# Envy - How do you cope?!



## Hopeful3429 (Oct 11, 2014)

Somehow, in the last several months it seems that everyone that I know has announced their pregnancy. A few people at work, friends and family etc it's as though I can't escape from it. More recently my brother in law and his wife had their baby 2 weeks ago and bought her to visit us 48 hours after she was born. Whilst it is wonderful to meet such an amazing, precious little human being I was filled with sadness. What made it worse was that I was left with her for a little while alone and I think I just stared at her the whole time. It's so overwhelming to see a newborn anyway but when I have been TTC for this long my heart just feels empty. I know how much my husbands family want us to get a BFP as well and this constantly makes me feel like I am failing, even more so when I have a new born paraded in my face. I've even found myself and only to myself critiscising how they have gone about things such as drinking etc. My husband doesn't understand why I feel like this andactually thinks my feelings are quite selfish. It's so hard to want something so bad and feel like I am never going to get there.


----------



## Lilly83 (Jan 19, 2012)

I so know how you feel, I feel all those things too, my DP has a child with a woman 16 years older than me who apparently caught first time, one thing I have to keep saying to myself everytime a pg announcement happens is 'Thank god there's one less woman feeling the heartbreak of infertility' 

I feel for you I really do xx


----------



## LuluLimon (Jan 17, 2014)

Hopeful- just wanted to say those feelings are normal for those of us whjove experienced infertility. You arent being selfish, its just how you feel and you can't help that. The best thing to try and do is to allow yourself those thoughts and feelings for a set time each day but don't let their negativity impact on you and your road through this. Its horrible to feel like a failure each month and I also get the annoyance when other people drink, do drugs and magically conceive on their first month trying. Try to remove yourself from situations which make you feel worse too. Try and explain to DH that its not that you're not happy for people, it just reminds you of something you desperately want and that is hard to deal with.

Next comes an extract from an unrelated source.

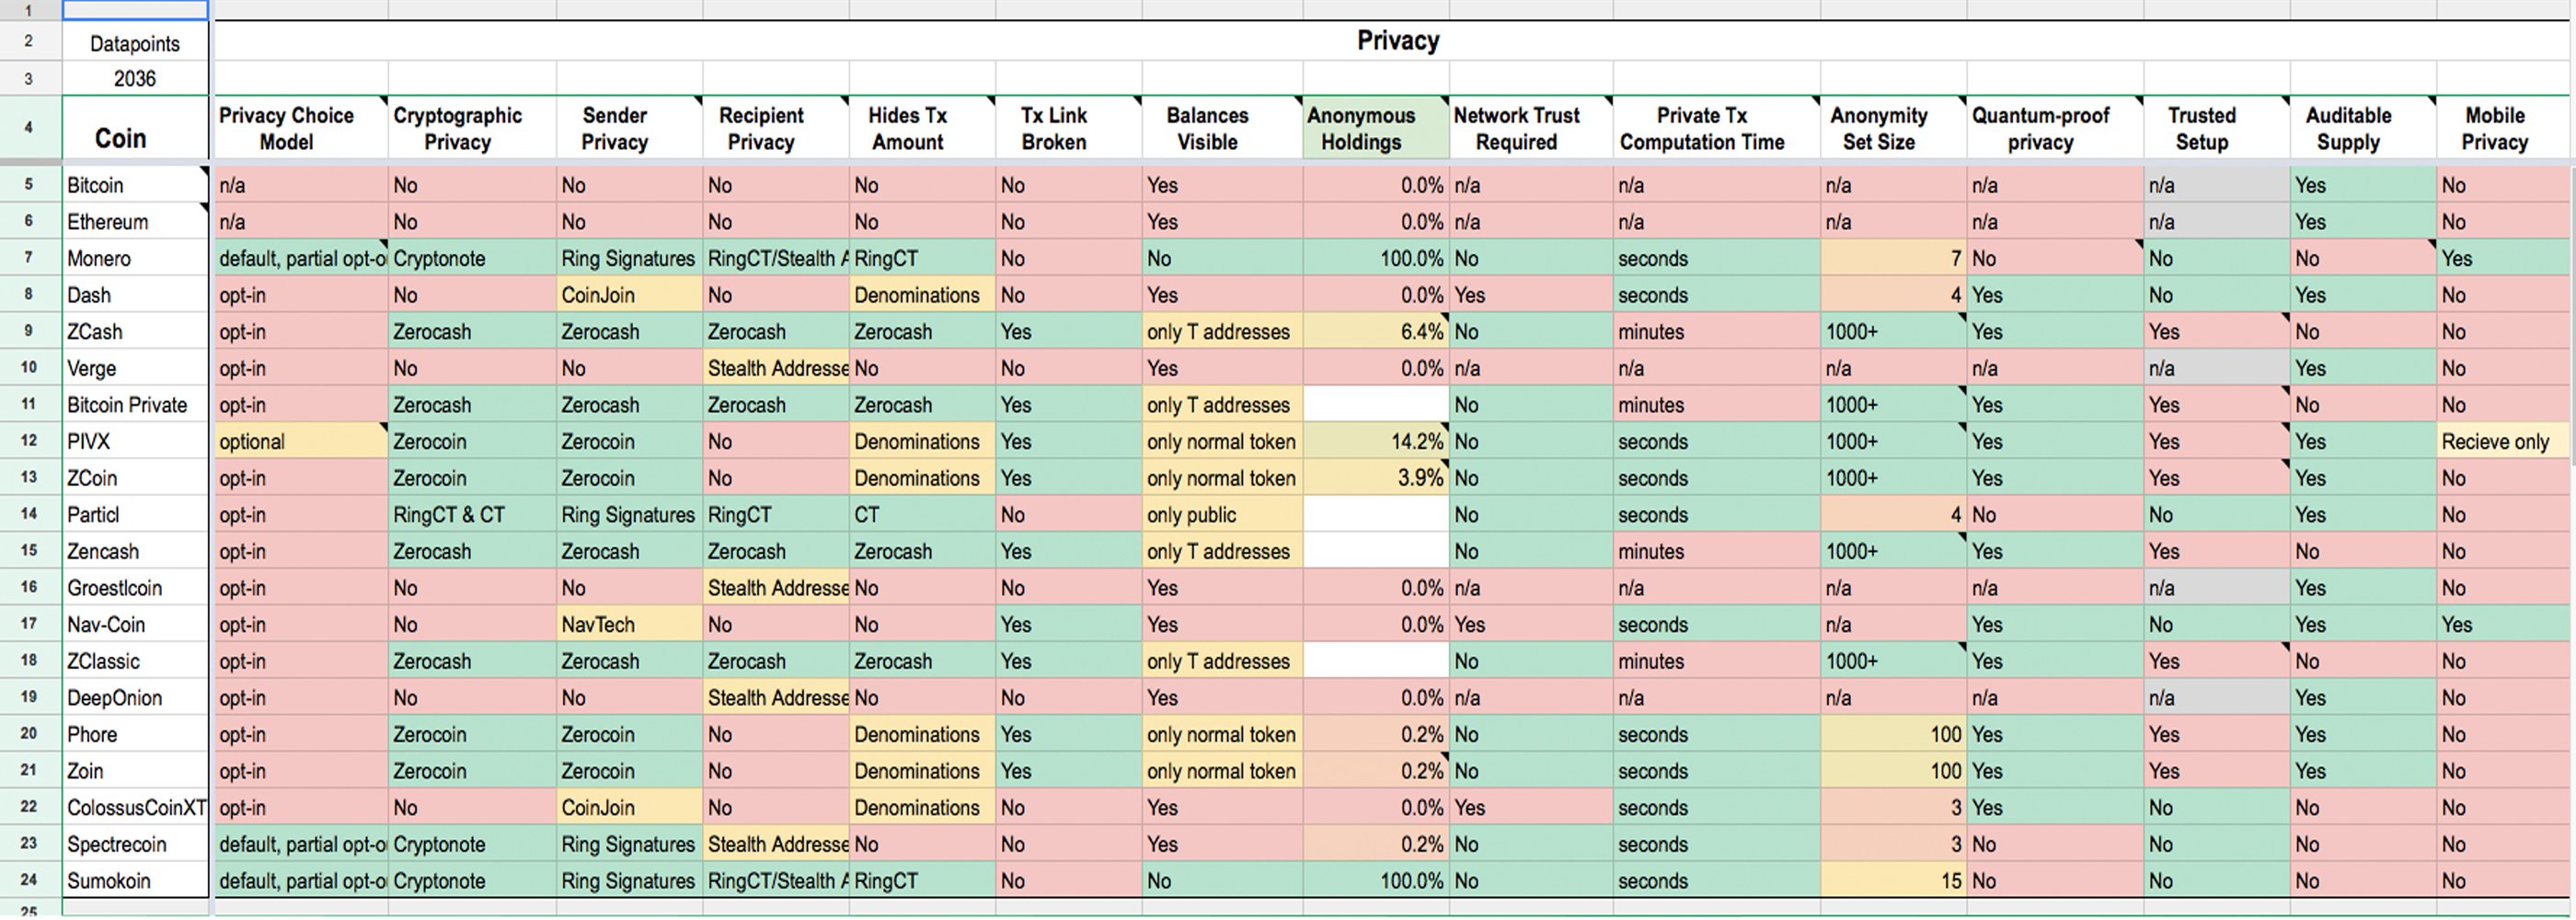 The Privacy Coin Matrix: A Comprehensive Spreadsheet of Anonymous Digital Assets

Never say never, little miracles can and do happen xx


----------



## danceintherain (Apr 16, 2013)

Hopeful - it's very normal to have negative and even resentful feelings with infertility, it's far more unhealthy to suppress them or deny them. I'm sorry your husband cant really relate on this particular issue. Maybe there are some magnanimous infertile women who are genuinely and unreservedly happy at every birth announcement and baby shower invitation. I doubt it though. Our feelings our more complicated than that, and that's ok. Xx


----------



## Hopeful3429 (Oct 11, 2014)

Thanks so much for your replies. Means a lot! I just pray that one day... I can put these feelings behind me.


----------



## Pollybear1 (Sep 5, 2014)

Try not to beat yourself up for feeling like this,  I think all of us who are struggling with infertility can relate to this. In the last six months seven people at work have had babies. My best friend had a baby last week and my sister has just announced her third pregnancy. I can't even remember how many times I have cried about all of these things,  I think we are pleased at some level for other people but we are sad for us and what we are struggling to achieve. Hope you feel better because you are definitely not alone here 
 xx


----------



## HazelW (Mar 6, 2009)

It might sound a bit wooly and wishy-washy, but I believe that we who go through all these stupid fertility issues are the lucky ones. Nobody will ever love their babies as much as we love ours, when they eventually come. We love them a tiny bit more than the fertile women of the world, because we wanted them so badly and worked so hard to get them.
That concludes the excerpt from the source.